So this situation occurred in the past couple of weeks, and got reported in the Hessen regional news in the last day or two.
A school group out of Giessen (forty miles north of Frankfurt) had a tour arranged....to the Buchenwald Concentration Camp (roughly a 90 minute drive east of Giessen).....over near Erfurt.
14-year old kids in this group.
The intention is that you provide instruction on the war, the holocaust, and the damages done to society.
Kids visit the Camp, and on the return back home....on the bus....three of the young 'lads' flip on some anti-Jew type music and sing this on the bus. As far as I can see....the driver didn't hear it or report. It comes from other kids on the bus.
In terms of facts.....no kids have been identified yet. Yes, it's more or less third-hand information and it's gotten folks all riled up. You will have to go to virtually every single kid on that bus (fifty-plus) and interrogate them.

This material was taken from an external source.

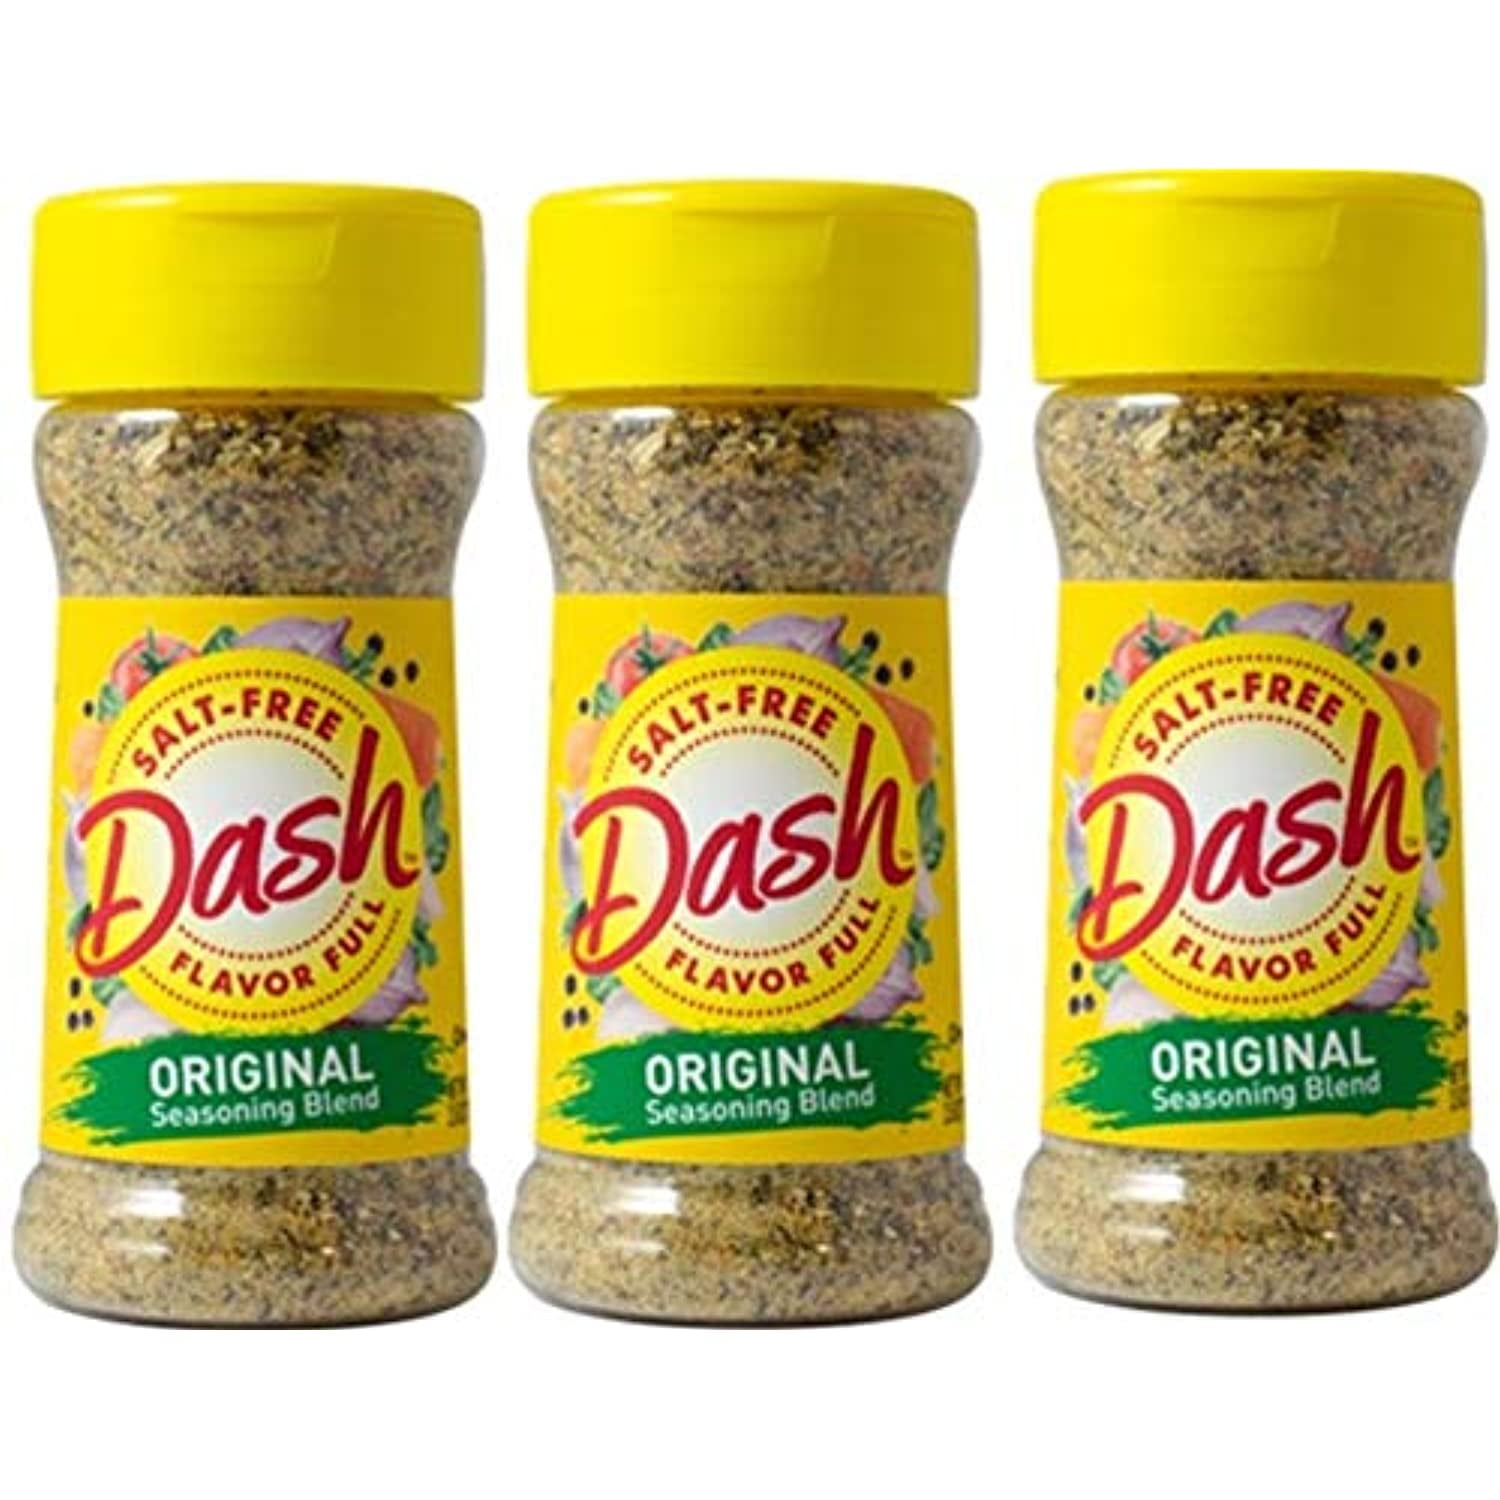 Mrs. Dash 00008 Salt-Free 2.5 Oz. Original Seasoning Blend (Pack

If identified, then you go to the worst case scenario....where they toss the kids out of this school. Best case scenario, you put the three into some mandatory re-education or indoctrination program.
The curious thing is that this has gotten into the news cycle and is one of the top five stories of the day. Politicians are pumped-up over it, and journalists are talking over the pitiful nature of 'kids'.

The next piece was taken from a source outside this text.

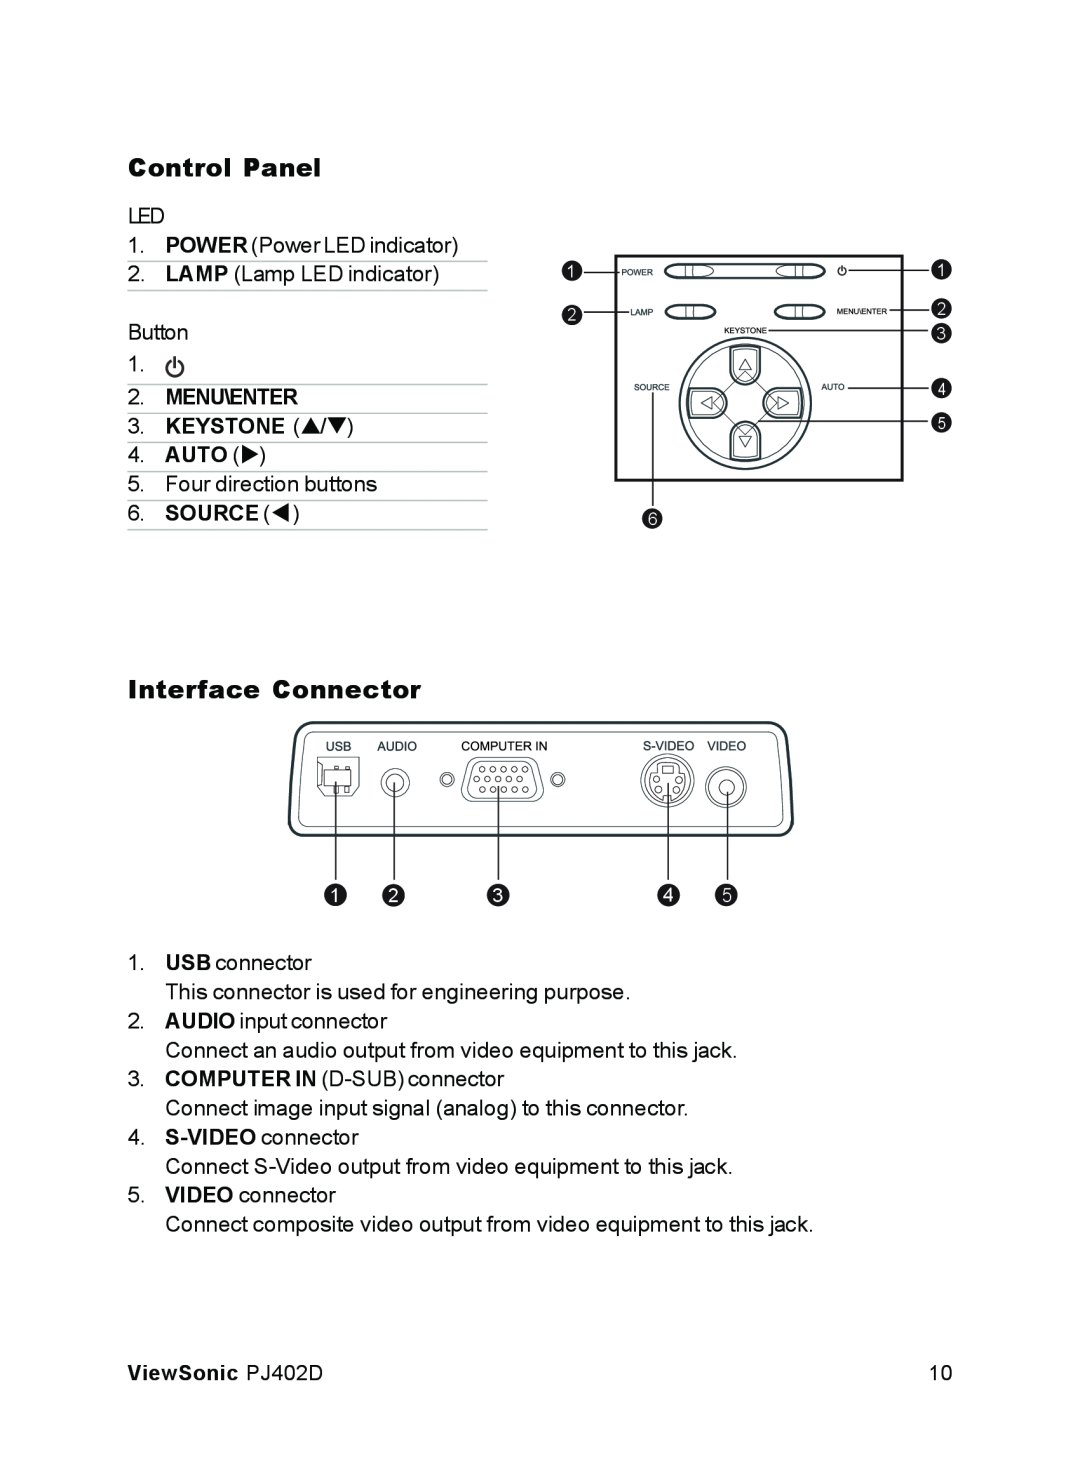 ViewSonic PJ402D manual Control Panel, Interface Connector

You can go back to the 1960s and find that these concentration camp tours are mandatory to a great extent, and funded by the districts.

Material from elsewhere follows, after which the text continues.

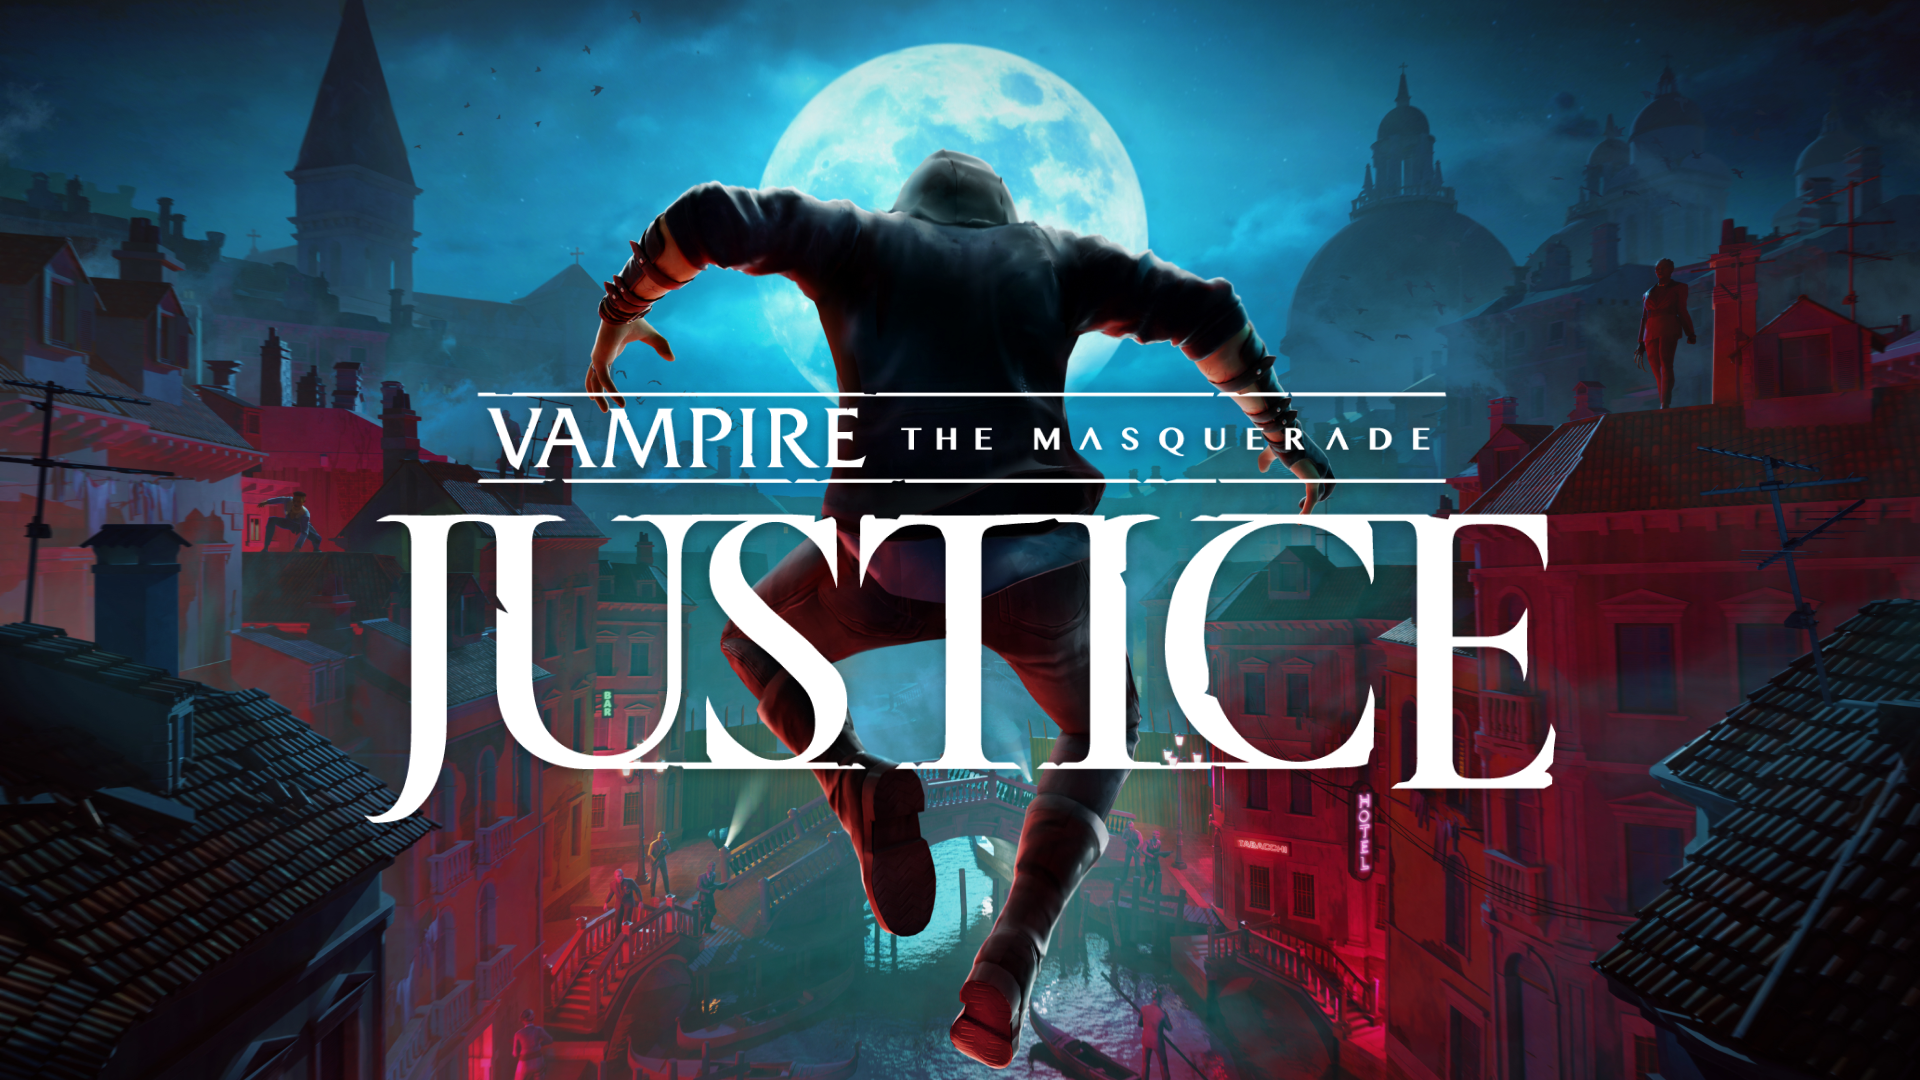 Vampire: The Masquerade: Justice

The curious in this case, no one has said ethnic status of the kids, and it will probably be a public issue if they are non-German.
3 comments:
How did your kids cope with these things when growing up in the German system? I tell mine that they're Australian, and thus they were on the other side of this war.
My kid was in the German system from Kindergarten on. However, this was a rural area, and they did not take 'tours' like this one described above. The school did tours to regional museums. I would say that the kid grew up skeptical of the 'system' and the intentions of teachers.
But I would suggest that most kids coming out of the German school system over the past thirty years...aren't exactly buying into WW II guilt. They've simply moved on. You can test them on a dozen WW II facts that most should know, and they know almost nothing.
Although my wife came through the system around that time (she's in her 30's) and they were swamped with guilt over it. So it could be regionally specific.